Self circulating nexus

The second question, whose answer reveals a far darker and startling picture of the future, is how the rise of the robots will affect economic equality in India.

The final push from the corporate world using cheap, exploited labour to using automation or robots is the manifestation of a second, digital economy that is slowly supplanting its physical counterpart.

This second economy has a capital bias—in that companies such as Infosys will now prefer capital over labour. Or in other words, IT services companies will now spend money on more technology (robots) than on human employees.

What is wrong with this? Perhaps the most prominent side-effect is that it will shift the distribution of income from workers to owners of capital. It no longer becomes a question of producing wealth. Companies such as Infosys and Wipro will see increased margins and better profits and continue producing ever increasing amounts of wealth. The question then becomes of how this wealth will continue to be distributed.

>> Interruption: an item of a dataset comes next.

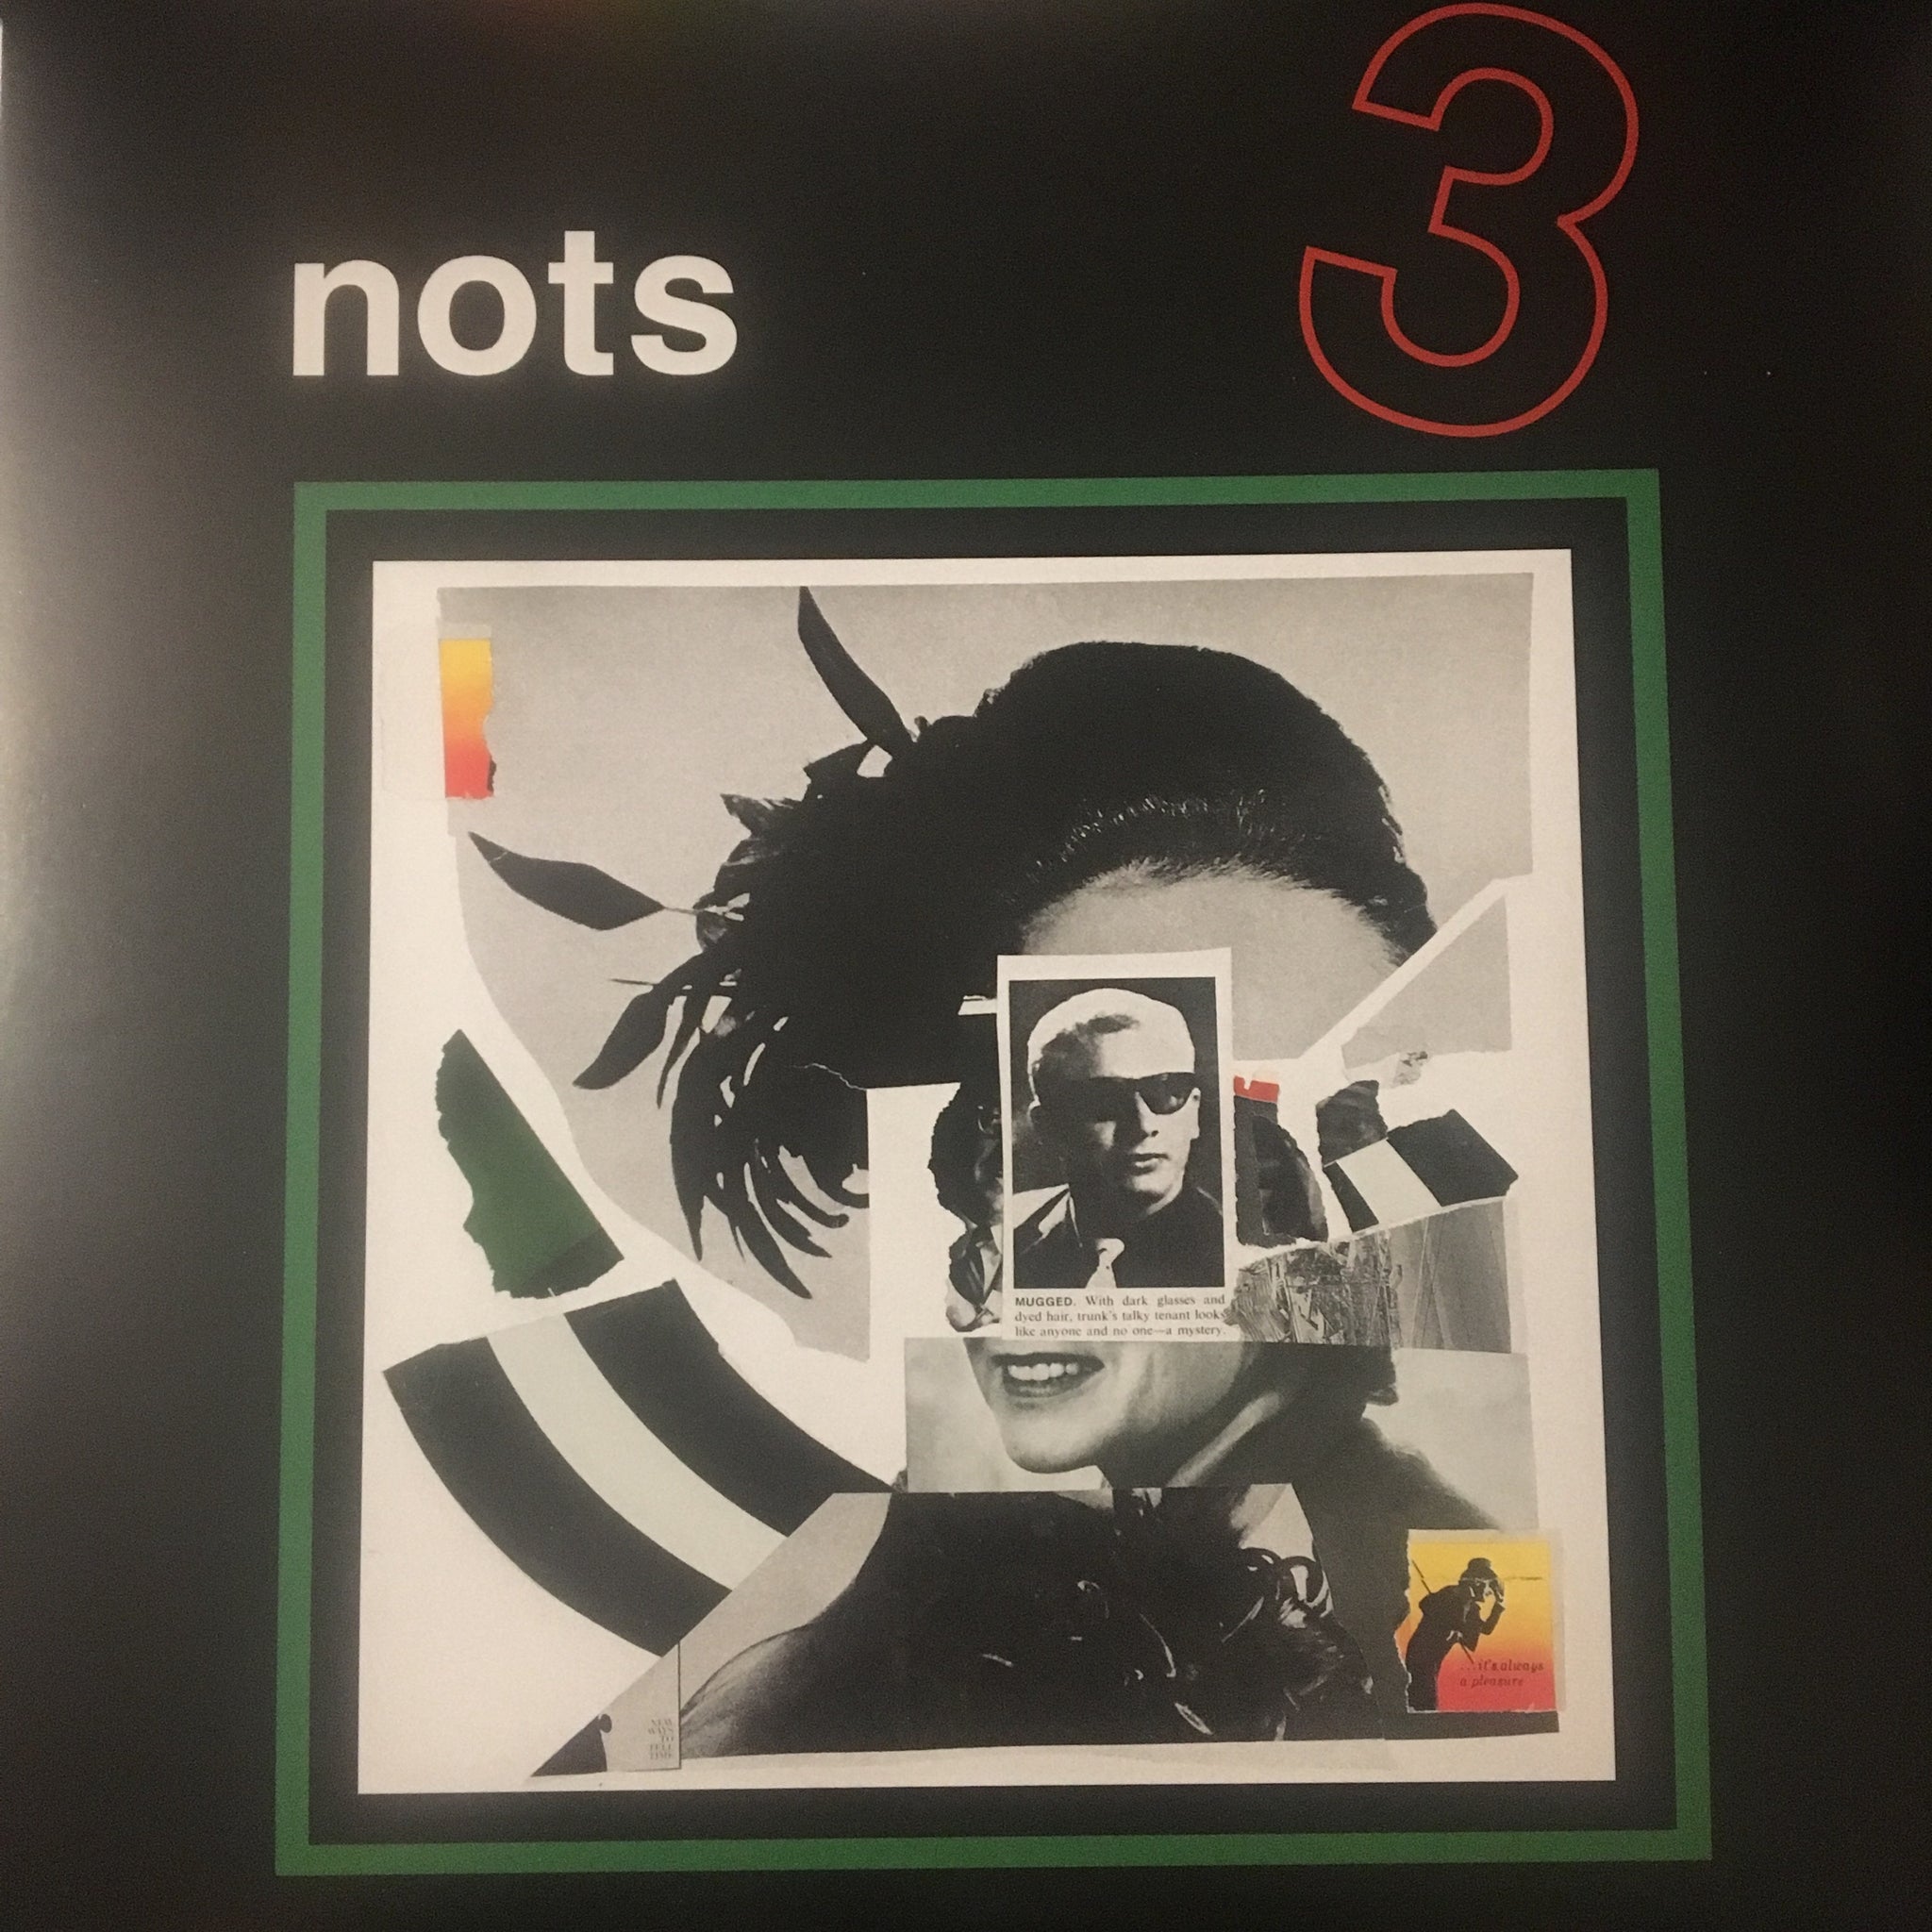 Nots - 3 - New LP

In this new economy, where robots will rule, the owners of capital and the owners of assets stand to win the most. It is not in the case of companies that produce products/commodities, whereby if they save money, the prices of the products and vegetables they produce goes down.

When India’s biggest IT companies save on money through the use of more technology and a dramatic decrease in the use of labour, it drags the distribution of income away from labour; thus driving down wages and employment volume.

The U.S, for instance, has seen >a great decoupling over the last two decades; where growth in employment and household income has faltered even as output and productivity continue to shoot upward.

Indeed, over the next two decades, technological process may have freed the Indian masses from their jobs, but not from their struggle for subsistence.